What is being asked –
Here the job is to transcribe the data exactly while omitting the images.
(Beginning of Data)
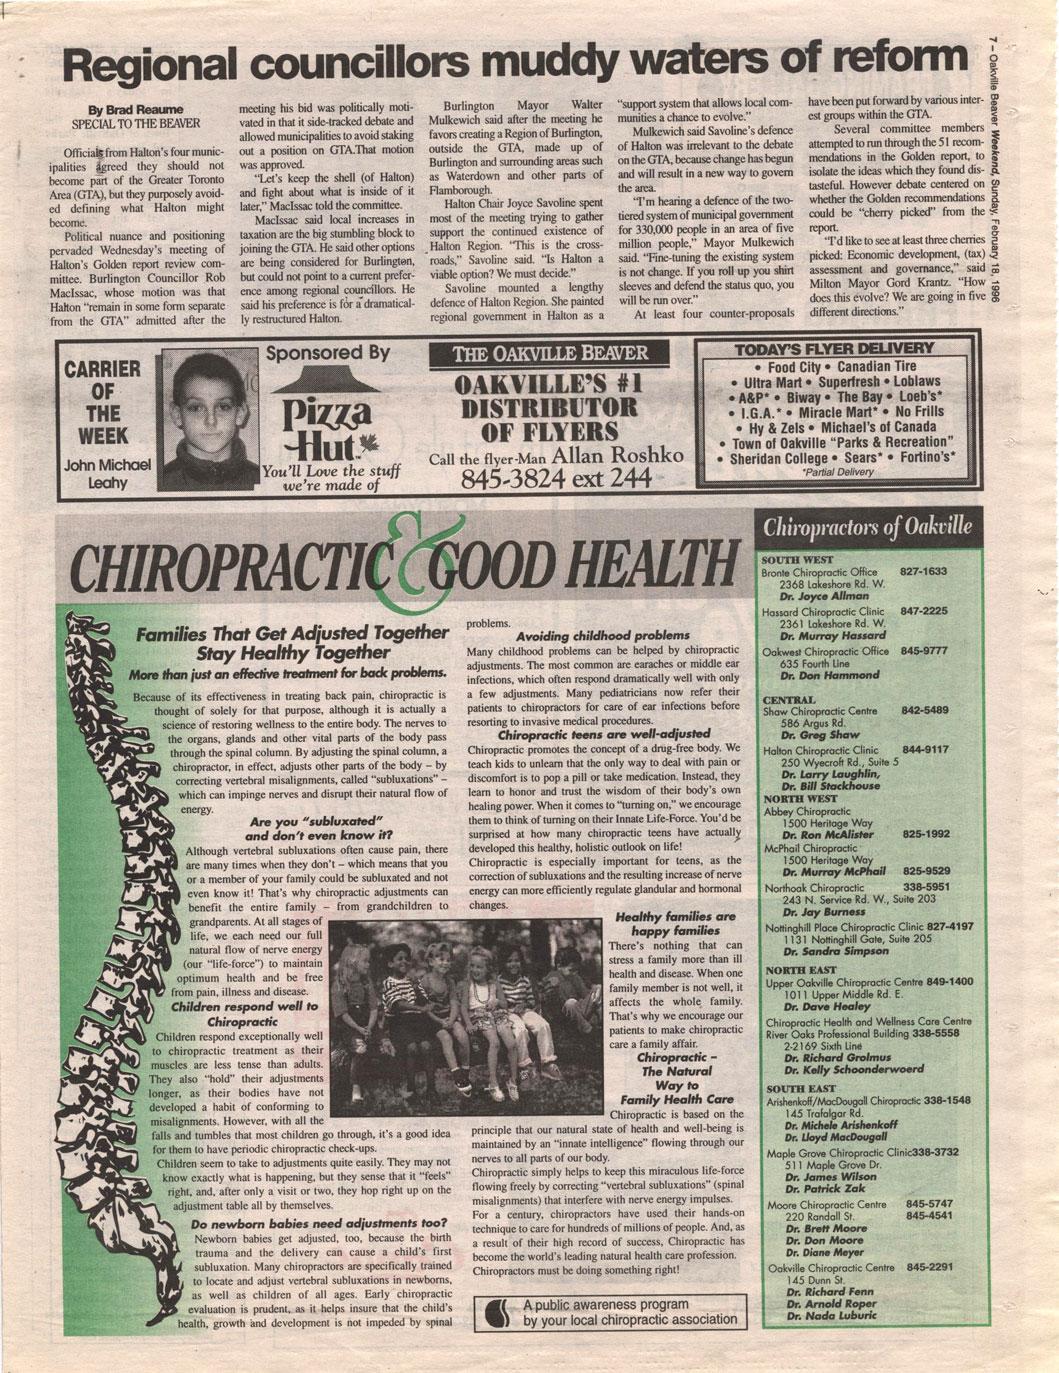 Oakville Beaver, 18 Feb 1996
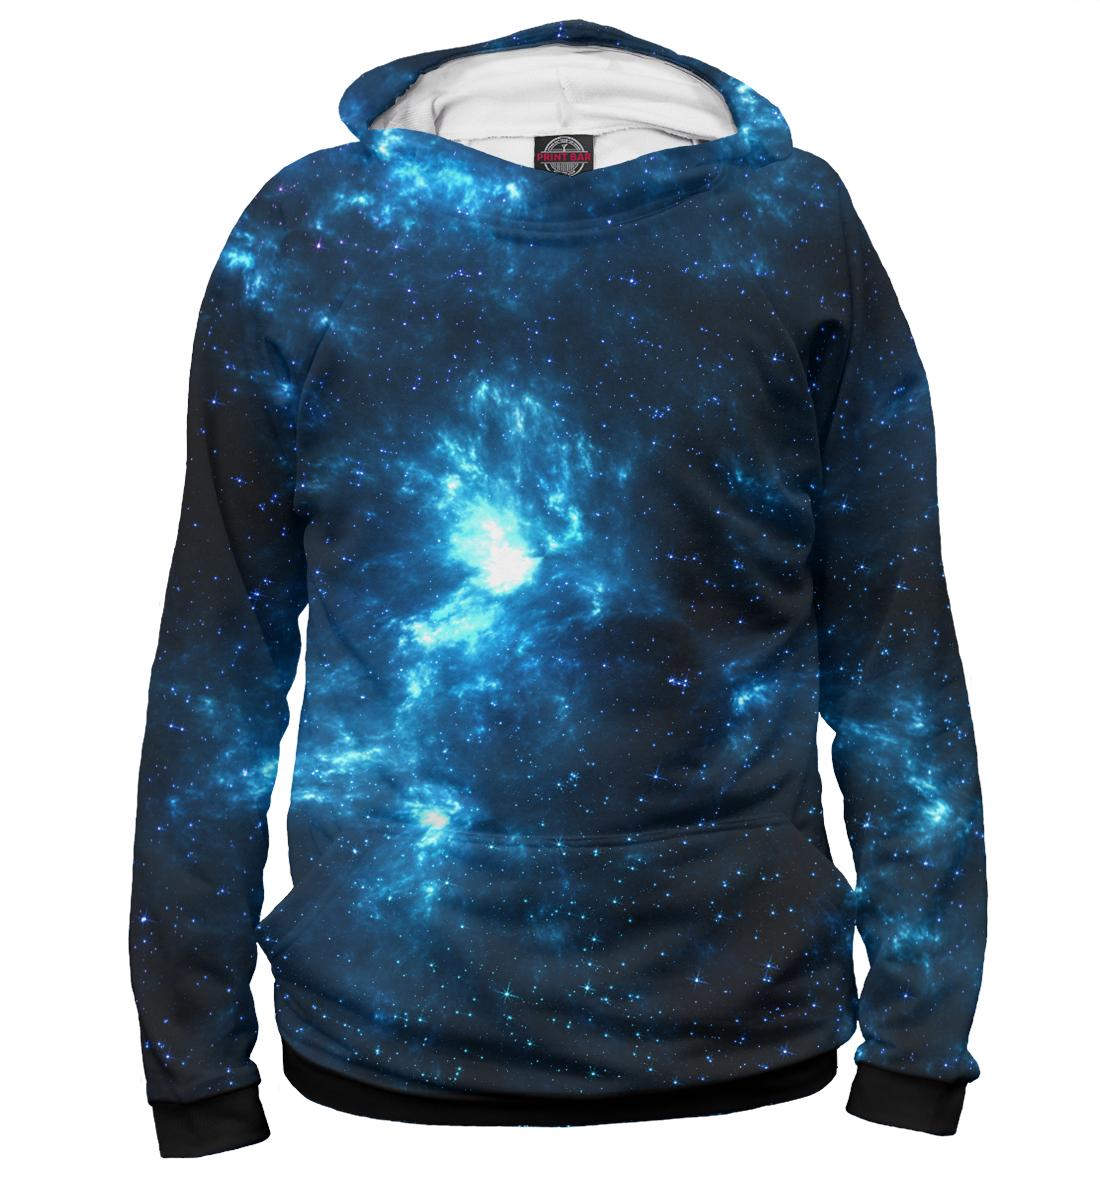 Купить Синий космос, Printbar, Худи, HIP-150790-hud-1
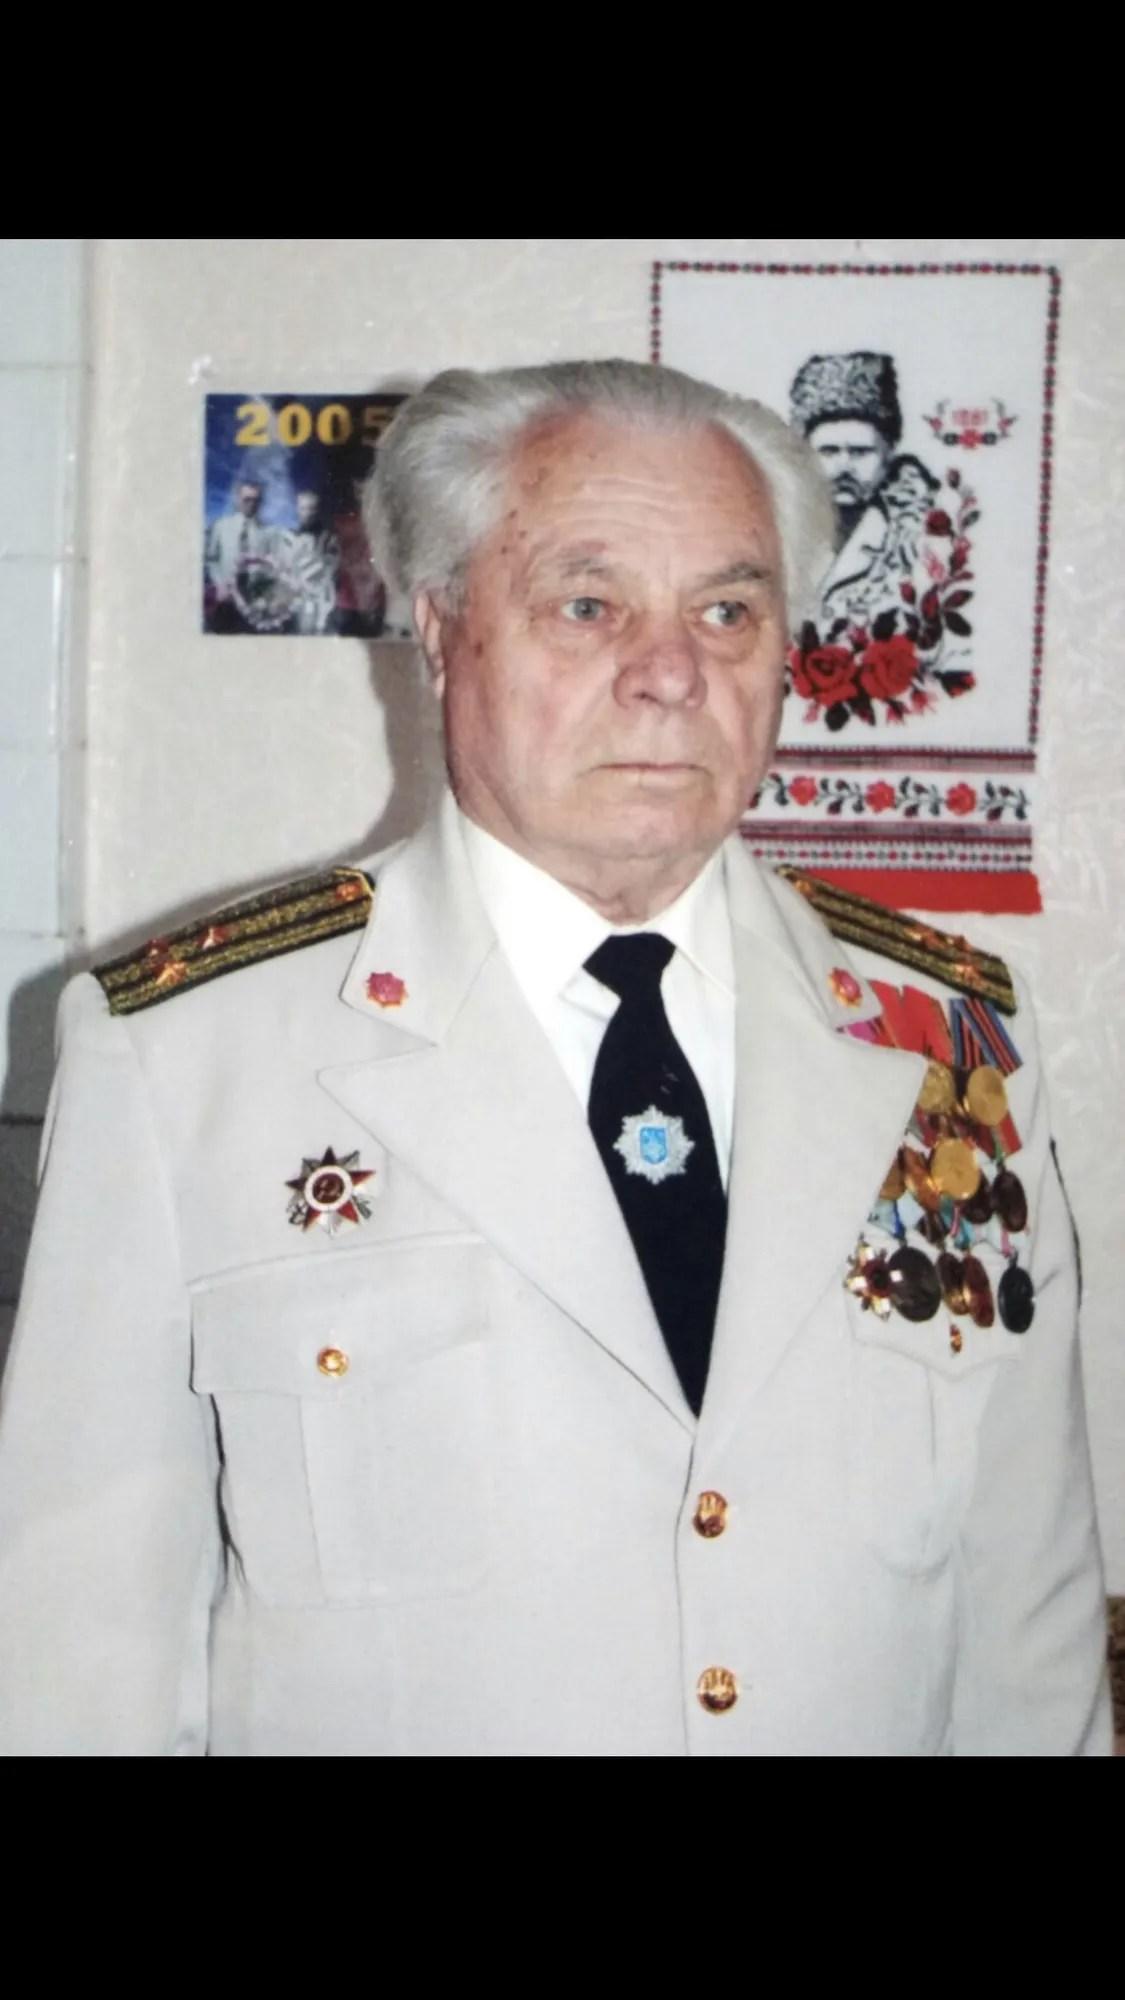 Василь Хільченко війну закінчив сержантом, потім отримав лейтенанта. А при при президенті Ющенко всім ветеранам присвоїли звання полковника.
(End of Data)
Answer box –
 Oakville Beaver, 18 Feb 1996
 Купить Синий космос, Printbar, Худи, HIP-150790-hud-1
 Василь Хільченко війну закінчив сержантом, потім отримав лейтенанта. А при при президенті Ющенко всім ветеранам присвоїли звання полковника.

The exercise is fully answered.